▶ WHAT IS BEING ASKED:
Copy all lines below exactly as written. Leave pictures out.

▶ DATASET CONTENT:
<<<<
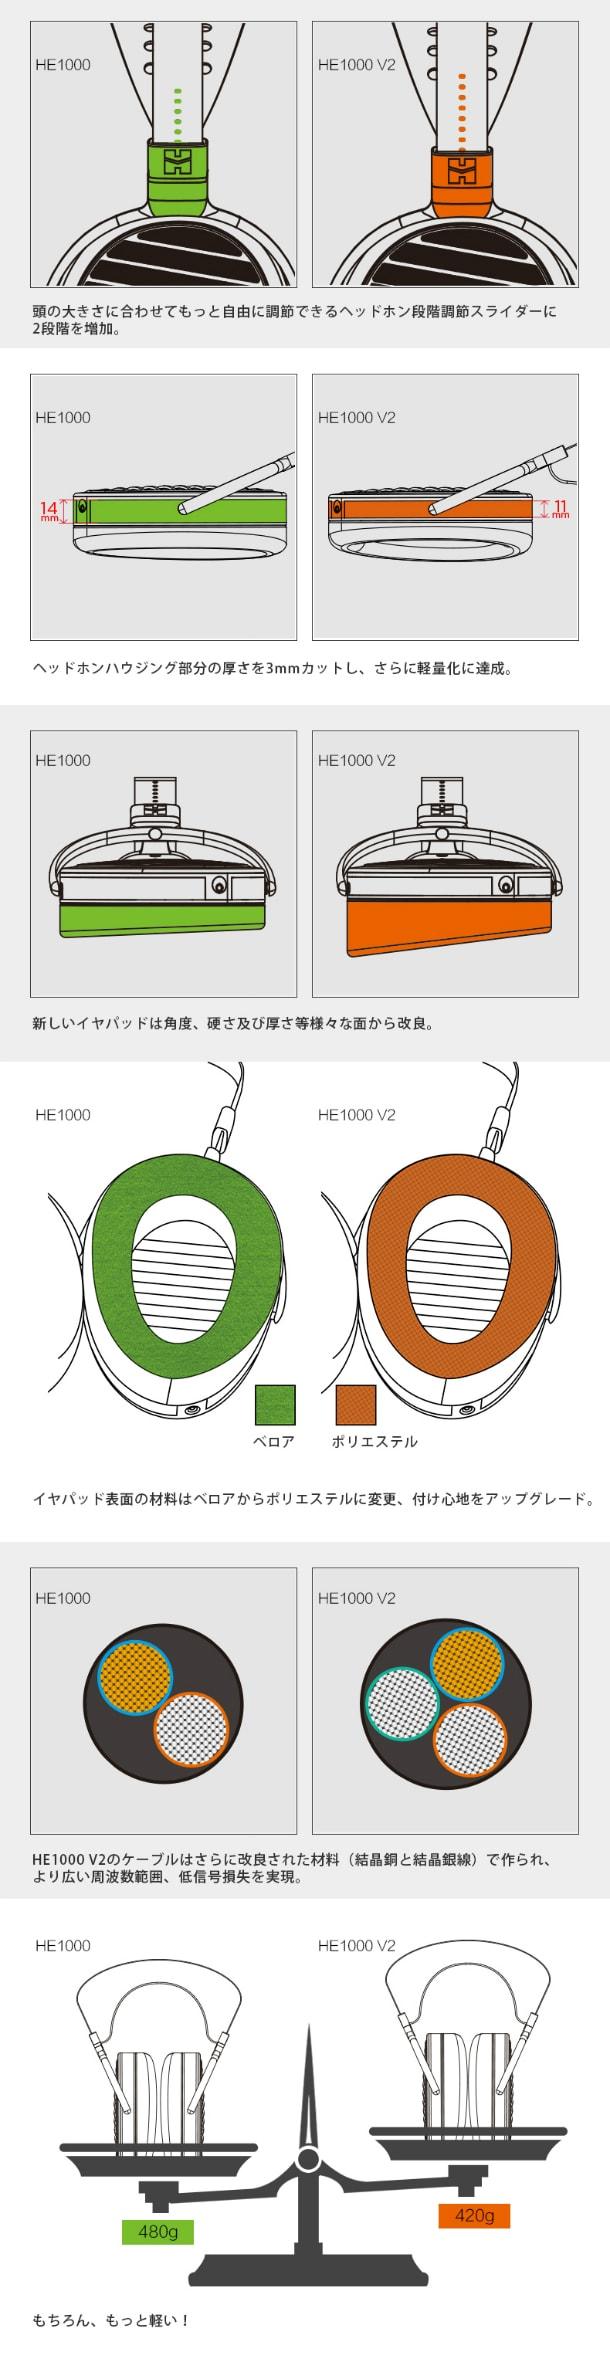 HE1000-新旧対照図 (1)-min
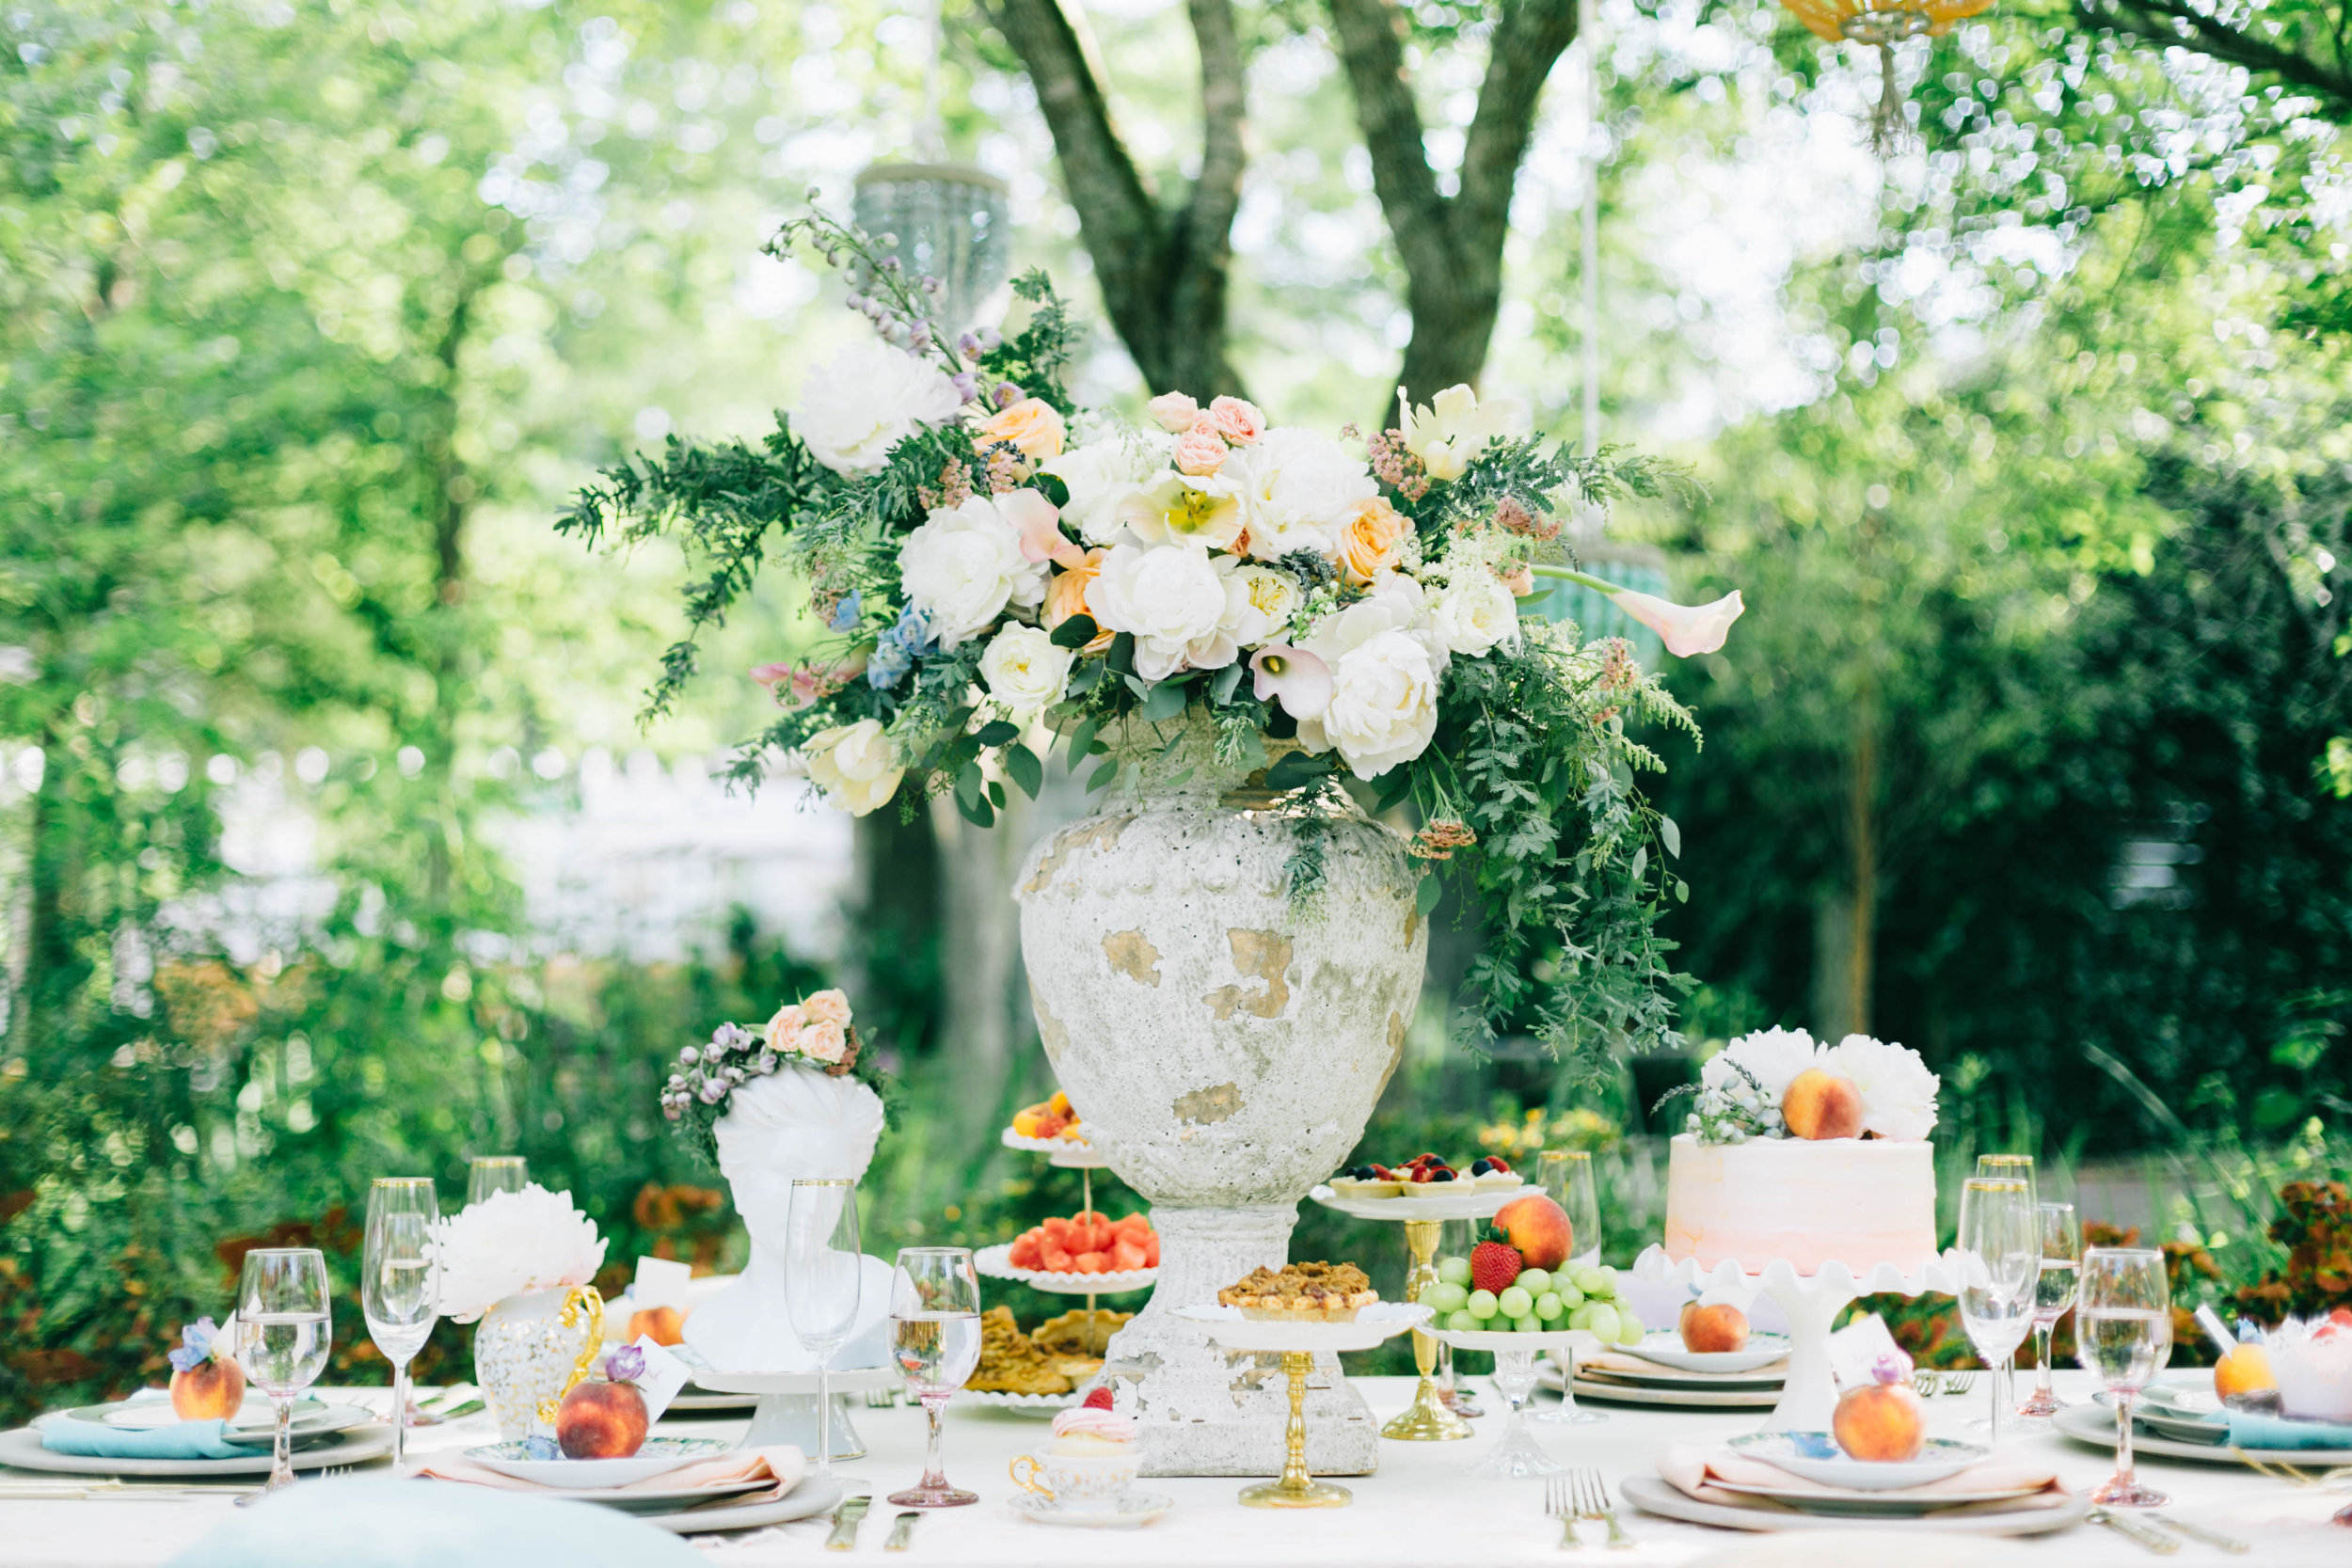 cypress gardens bridal shower shoot, charleston wedding planners
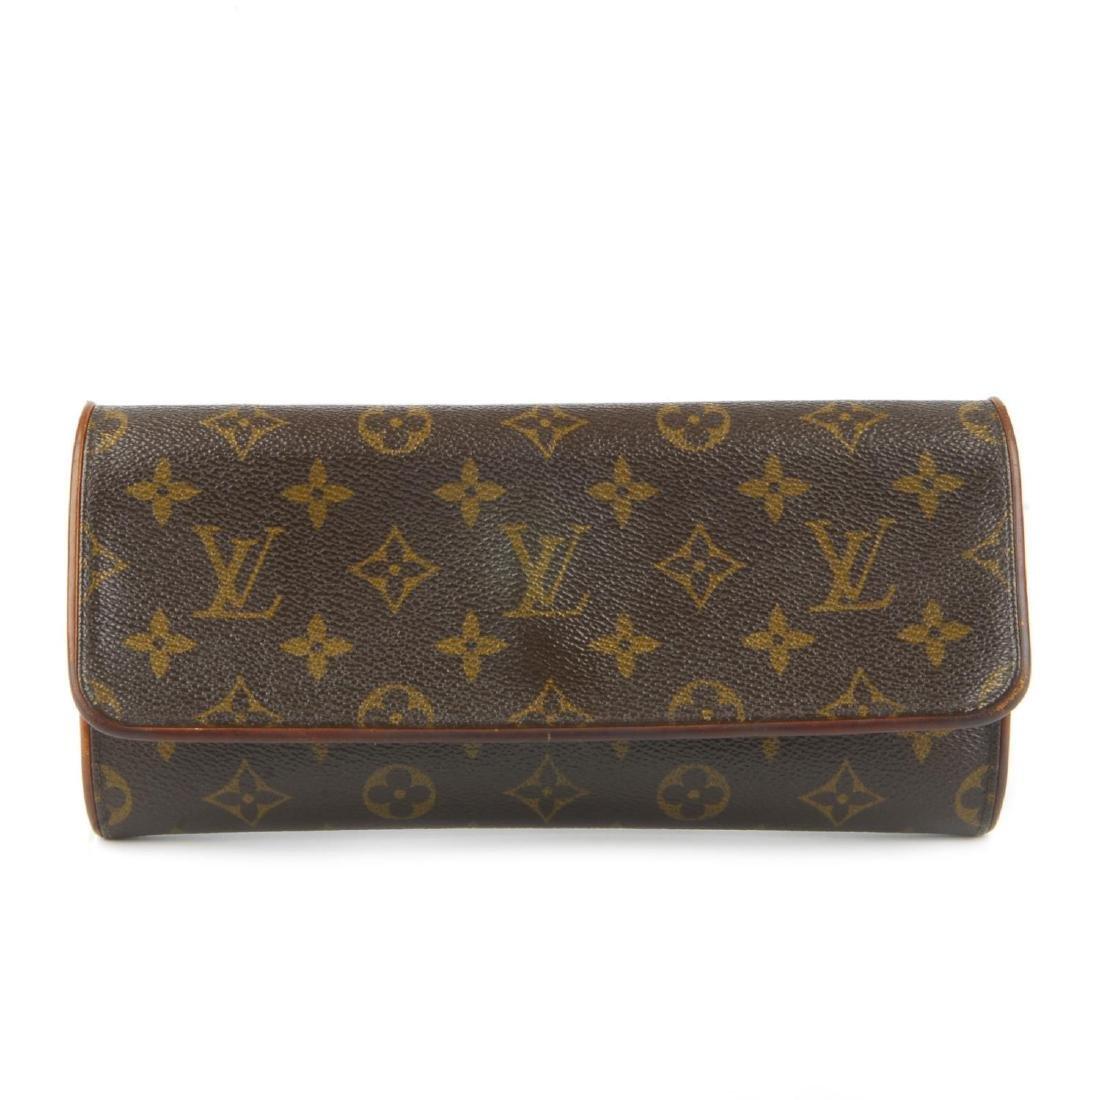 LOUIS VUITTON - a Monogram Pochette Twin GM handbag.
>>>>
▶ ANSWER FOR THIS EXERCISE:
 HE1000-新旧対照図 (1)-min
 cypress gardens bridal shower shoot, charleston wedding planners
 LOUIS VUITTON - a Monogram Pochette Twin GM handbag.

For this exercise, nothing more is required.